ET Logo

CONTENTS

The Green

Mission Statement: Our mission is to strengthen and unify the young environmental community in the Bay Area by sharing interests, information, and calls to action. We seek to inspire participation in projects and events between groups, strengthen journalistic skills, and foster career exploration.

April 2004
Issue 15

Quote of the Month

“The more we exploit nature, the more our options are reduced, until we have only one: to fight for survival.”
- Morris K. Udall

Chosen by Maggie Young, the Green Team, Mercy HS, Burlingame

 

Action of the Month - Mercury, Swordfish and Sea Turtle Campaign

Jeff Gustafson at San Ramon Valley HS suggested this month’s action, aided by April guest speaker Andy Peril, a campaigner at  the Sea Turtle Restoration Project.  Questions?
Email him at: andy@seaturtles.org 

Source:  Sea Turtle Restoration Project www.seaturtles.org  Email:info@seaturtles.org

Leatherback Sea Turtles
100,000,000 years old
10 years left

Other Threats to Sea Turtles:

  • Poaching for meat, shells and leather;
  • Drowning in shrimp nets
  • Drowning in Tuna and swordfish fisheries;
  • Development and destruction of nesting beaches;
  • Pollution of the oceans;
  • Commercial exploitation of eggs.
The Sea Turtle Restoration Project (STRP), conducted tests of various top-of-the-food-chain fish species taken from local stores and found very high levels of mercury in them. These top-of-the-food-chain fish species are primarily caught by industrial long lining and gillnetting techniques that also catch and kill large numbers of sea turtles, seabirds, and marine mammals and other non-target marine life.
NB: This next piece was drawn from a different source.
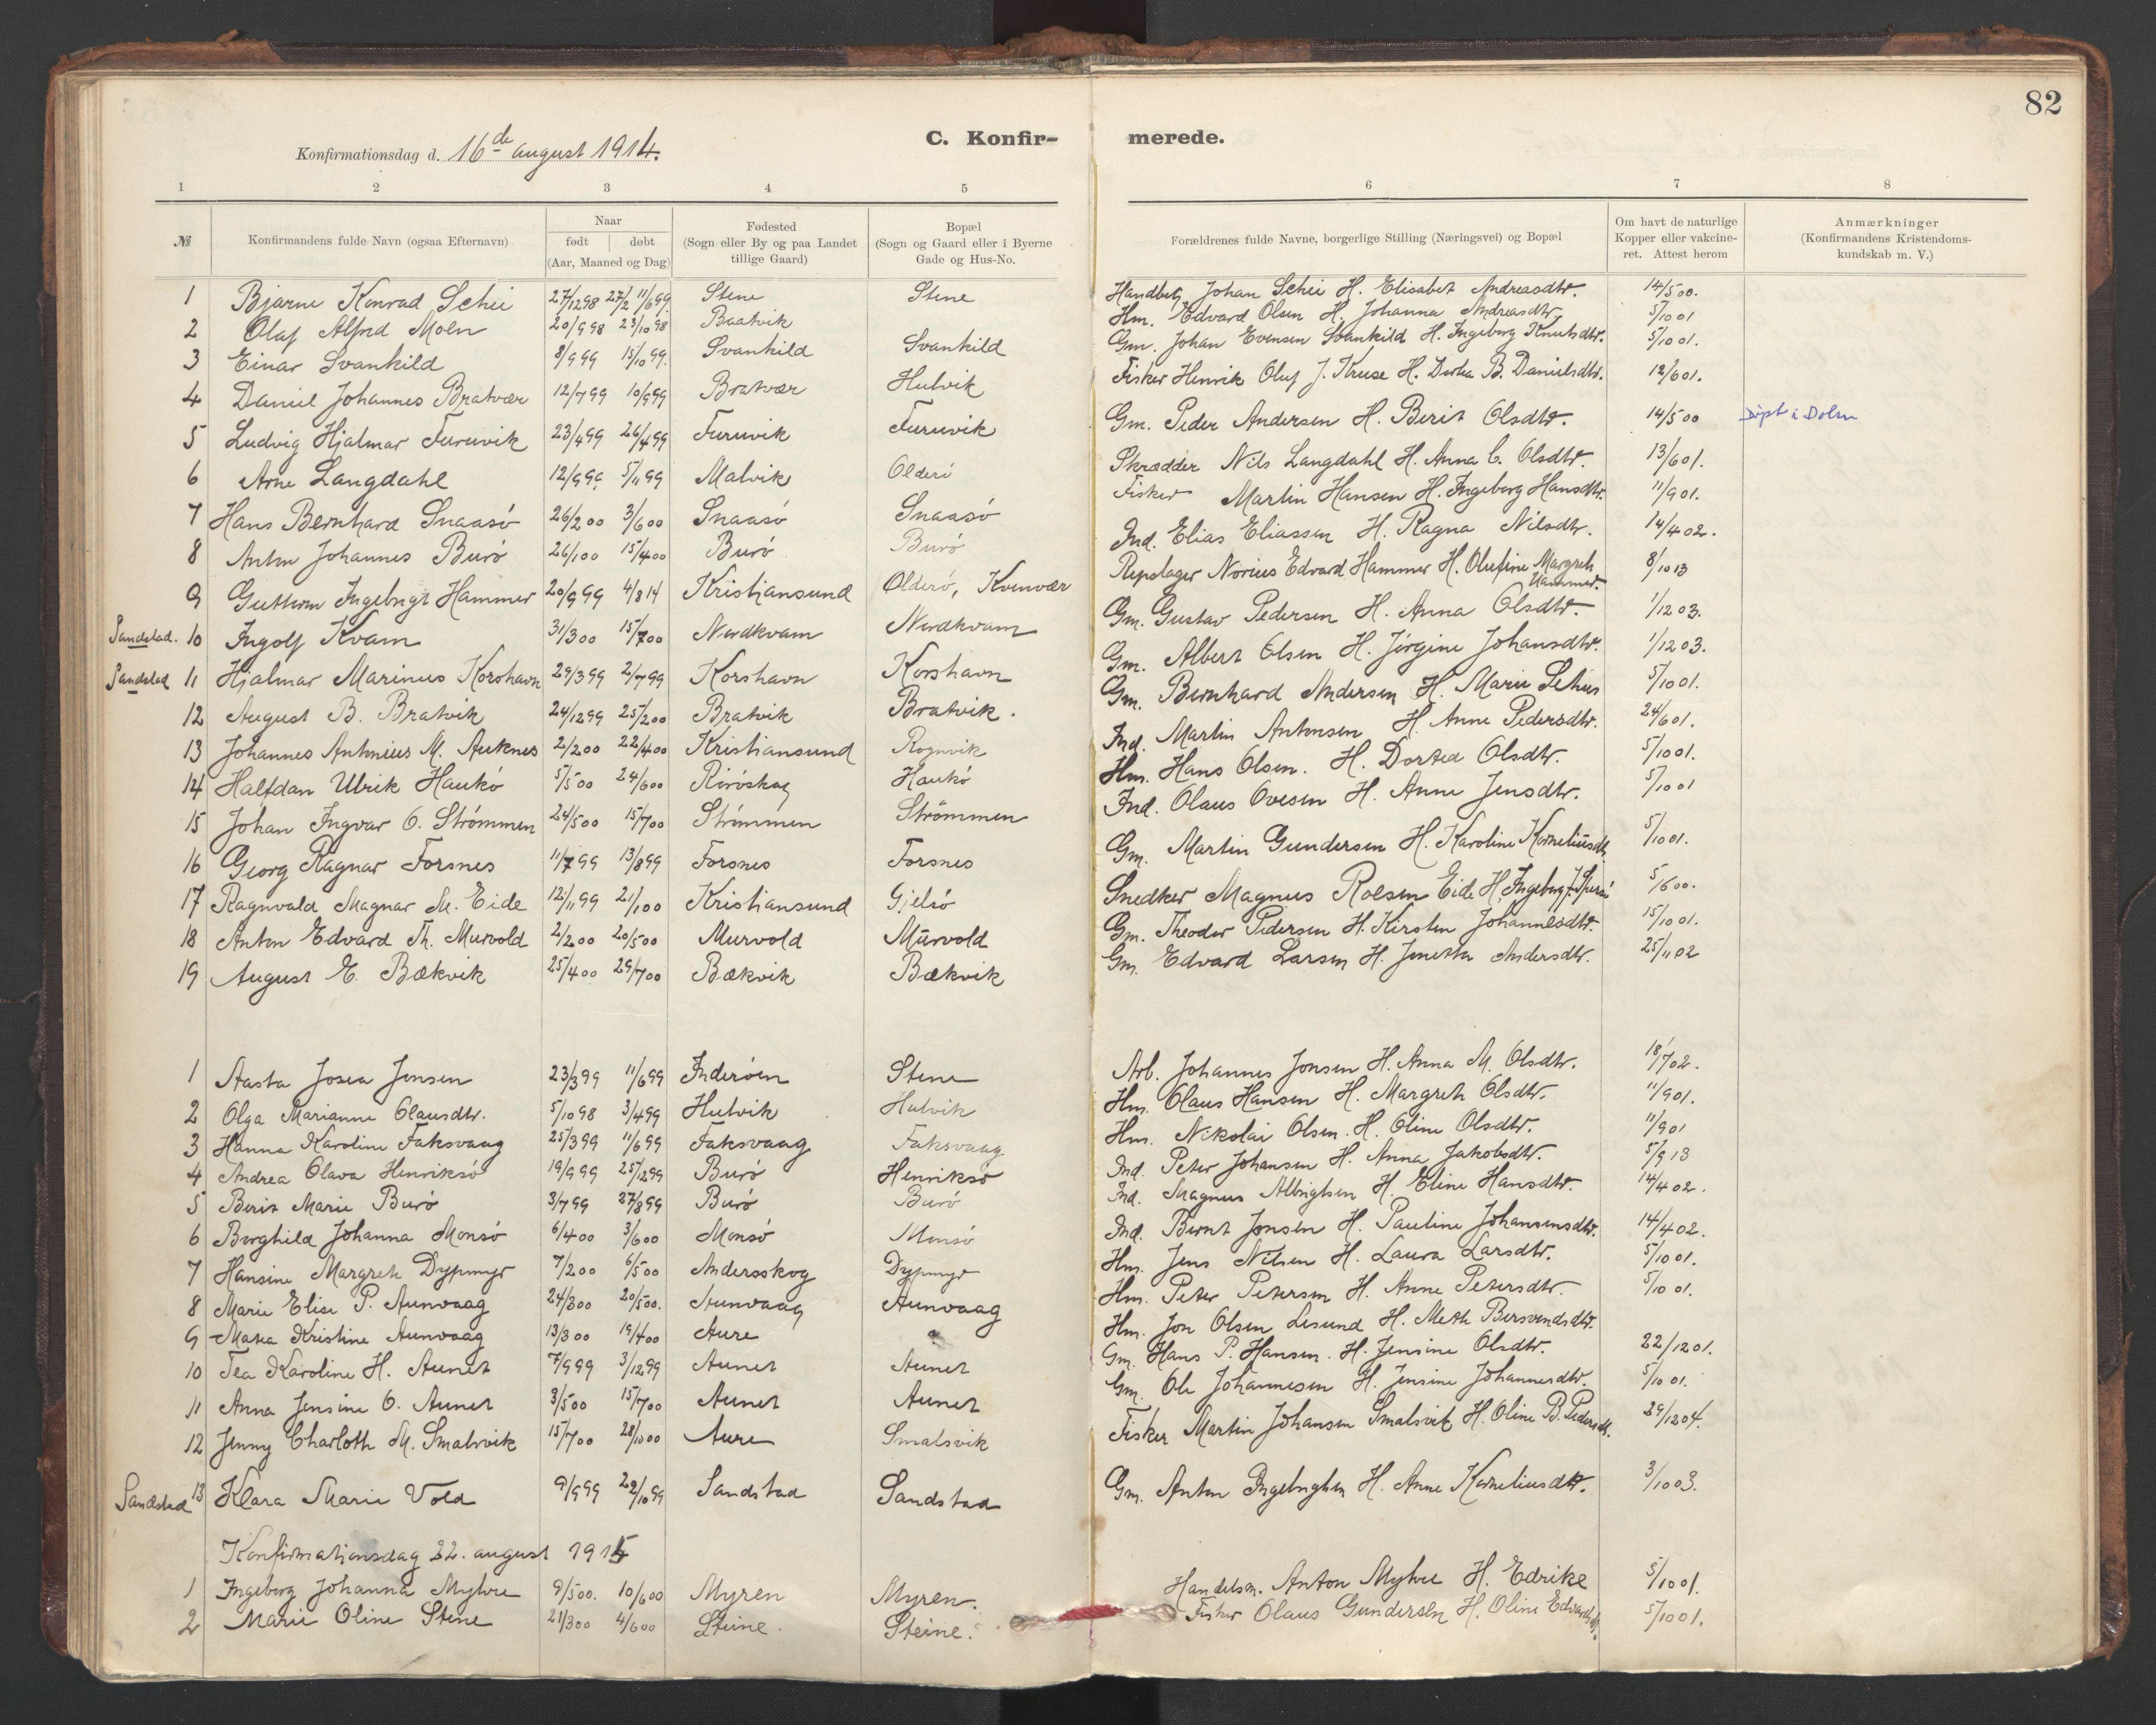 SAT, Ministerialprotokoller, klokkerbøker og fødselsregistre - Sør-Trøndelag, 635/L0552: Ministerialbok nr. 635A02, 1899-1919, s. 82

By warning the public about the dangers to their own health in eating these species, STRP hopes to reduce demand and ultimately fishing effort to protect marine biodiversity.

What can you do?  STRP’s recommendations:

  • Perform Mercury Warning Sign Surveys

Grocery stores throughout the state are required to post warning signs that warn of mercury in seafood.  Many, however are not posting these signs (or are not posting them properly).  We are trying to educate the public about the adverse health effects of mercury in part by ensuring these signs are posted.  Go to www.seaturtles.org and click on the Mercury, Swordfish and Sea Turtle Campaign to get copies of the mercury warning sign survey.  The Youth Coalition can help STRP get broad coverage by conducting a local survey!

  • Get UN Petition Signed

Get a one of more pages of our petition to the UN completed asking the UN to ban long line fishing in the Pacific Ocean.  Long line fishing kills millions of whales, dolphins, seabirds, marlin and sea turtles each year.  This fishing method is decimating the world's oceans.

  • Get Safeway Petition Signed

Collect signatures on one or more pages of our petition to Steven Burd, CEO of Safeway Inc., asking him to require the posting of warning signs nationwide and not just in California.  Posting signs will protect human health and reduce consumption of seafood species that are caught in ways that kill sea turtles. By changing our eating habits we can help protect sea turtles and the health of the oceans.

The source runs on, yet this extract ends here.